Monday, April 30, 2007

From nowhere comes this:

This will be my vent. What a small vent it is. I don’t have the patience to squeeze all my indecipherable frustrations through these small pores, so what I say seems random and juvenile.

Mankind can be such a shallow, traitorous, parasitic thing. Only one in a million are the beacons against which I’ve been mistakenly measuring the world against. Only one in a million remain great in the face of adversity and a true reflection of a human being. And my fear right now is that I’m not one of those million, the person I always fancied myself to be thanks to the false hopes of movies and Disney. Because in these sequential moments of induced panic and despair that we call life, I find myself unraveling, a part of me sulking that things are not the way that they should be. If circumstances were the way that they were “meant” to be, then I can be myself, happy, and expressive and smart and brilliant and just plain Saman. But in these tough times, I cant be myself, so I just sit back miserably and in despair hoping that they’ll pass and I can finally breathe and be myself again. But I think I have to start realizing, that those easy times with no hardships was never really meant to be. They were free bonuses. Not life. Life is these hard parts. The parts I’m wishing would go away so I can be myself, and so maybe I’m missing out on life because I’m under the delusional impression that the times where I can shine at my brightest will be times when circumstances will be easy.
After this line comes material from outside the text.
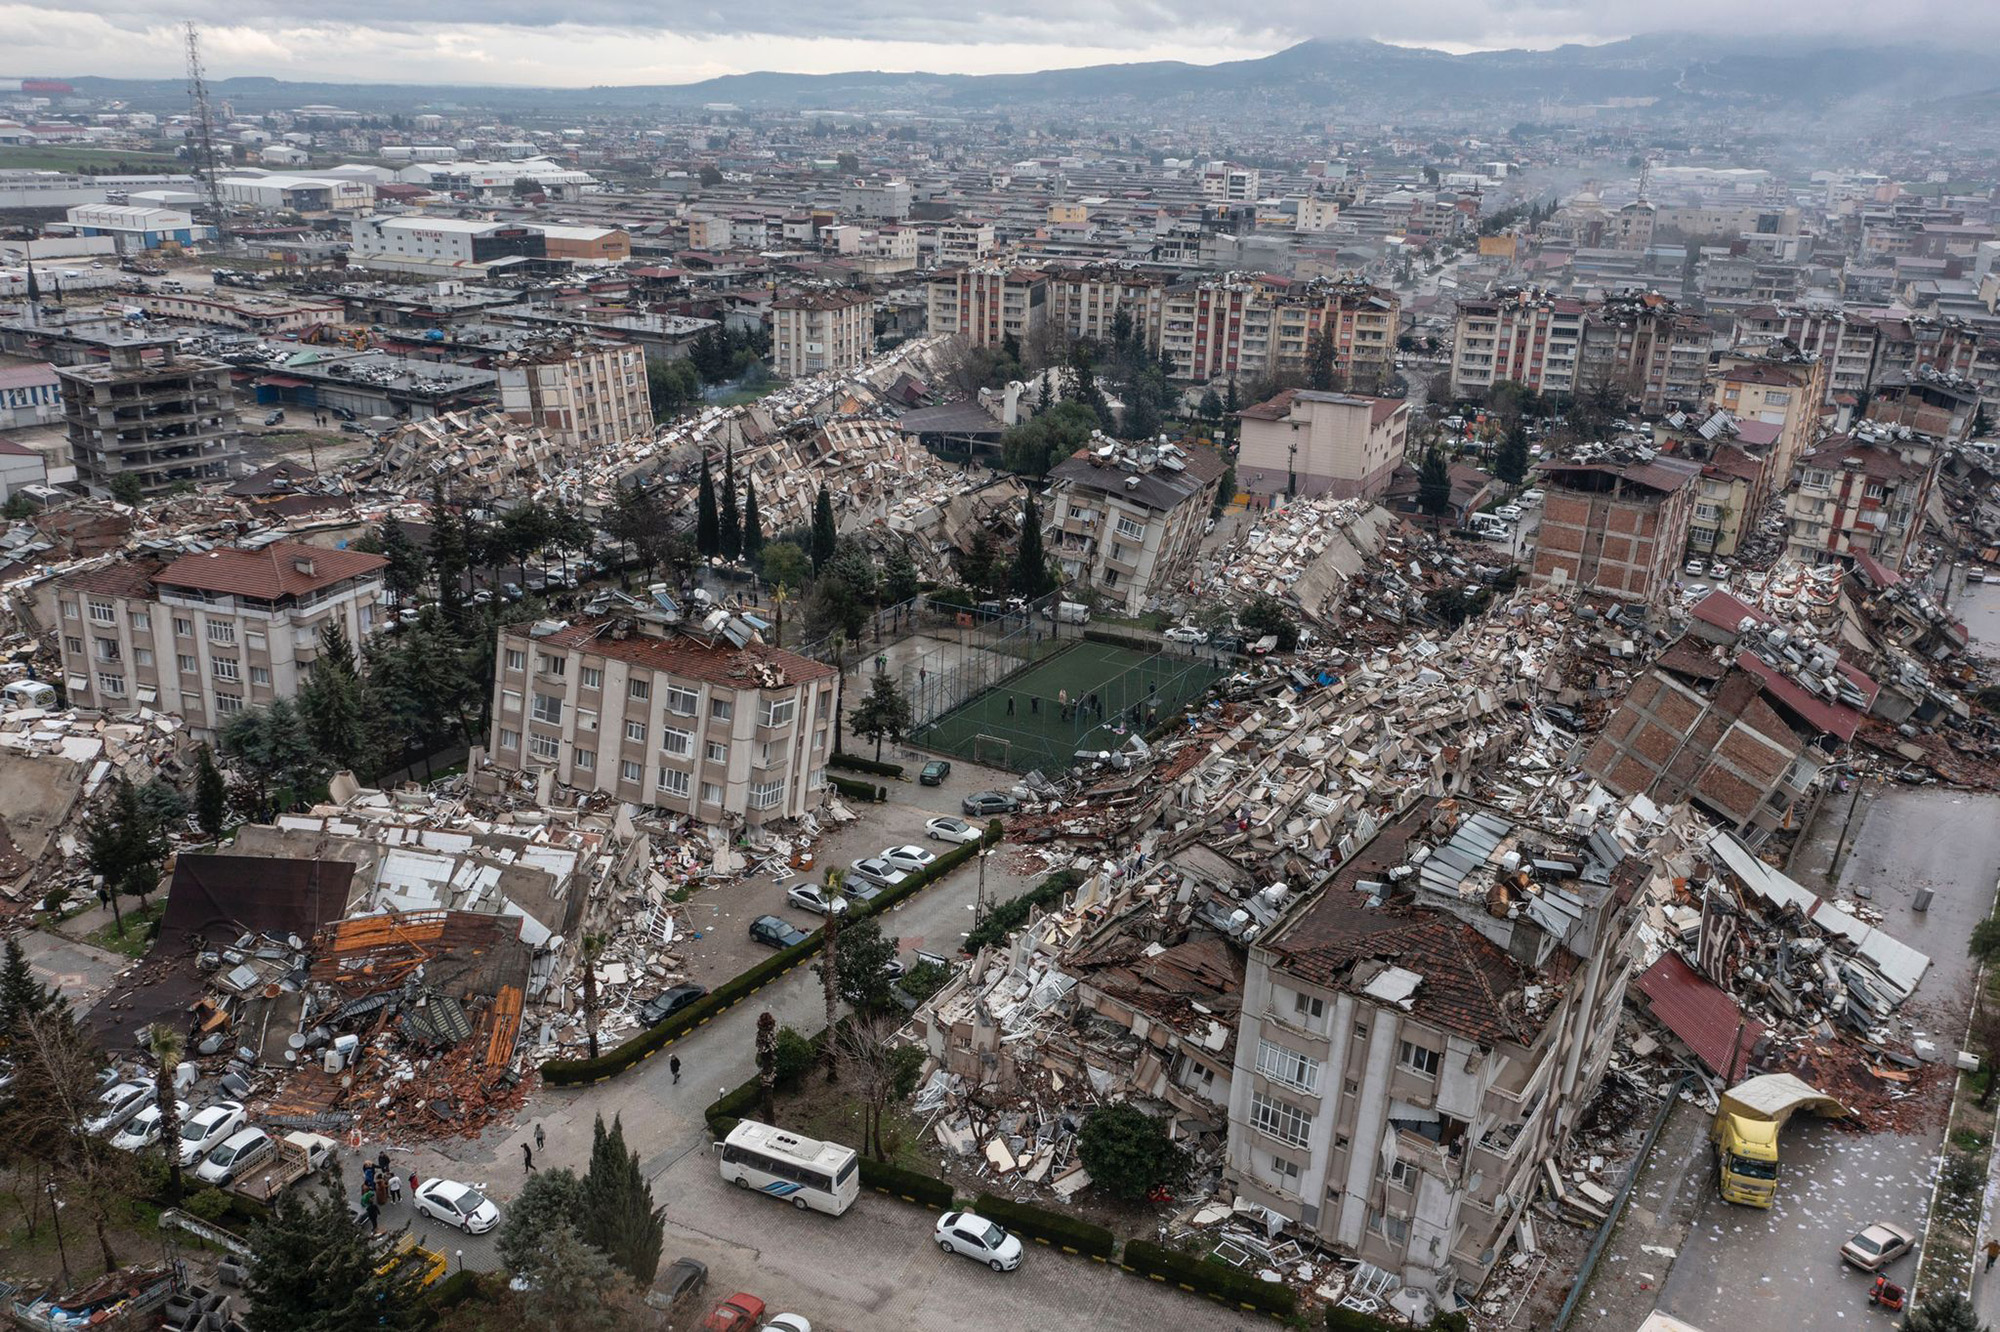 Nhà khoa học so sánh trận động đất ở Thổ Nhĩ Kỳ với 130 quả bom nguyên tử, hiện có hơn 1.500 người thiệt mạng - Ảnh 1.

Its how much you shine when times are tough that determines who you are. Not how much you shine when it’s convenient. It’s the tough, inconvenient times when you get stabbed in the back by people closest to you. Its during these times where you disappoint yourself by failing to achieve your aspirations which in turn leads to an immeasurably self-destructive doubt in yourself. It’s in life’s greatest moments when you feel your back being broken by those closest to you. There is no other life, just this one. So shine, if you can, little whiner. Shine. Nobody said it was going to be easy. To give off light, the little piece of wood has to burn.

So burn. Burn alive, and be brilliant. Don’t lament burning, rather celebrate being a light, and keep shining.

Regardless of circumstance, regardless of self-doubt, and pain and failures and losing every single thing you hold dear and feeling yourself being passed off like dust off a shoulder, keep heads high and shine as if there’s not a feather of burden on your back. That’s what will make you exceptional. Not the easy victories, but the victories in the midst of death and destruction pulling you down with every step you take. That’s what will make the victories memorable.

There it is again: my childish short-sighted optimism distorting hard reality into a warped breed of optimism, completely forgetting the original worry and turning it into false hope. Sentimentalizing the real issue.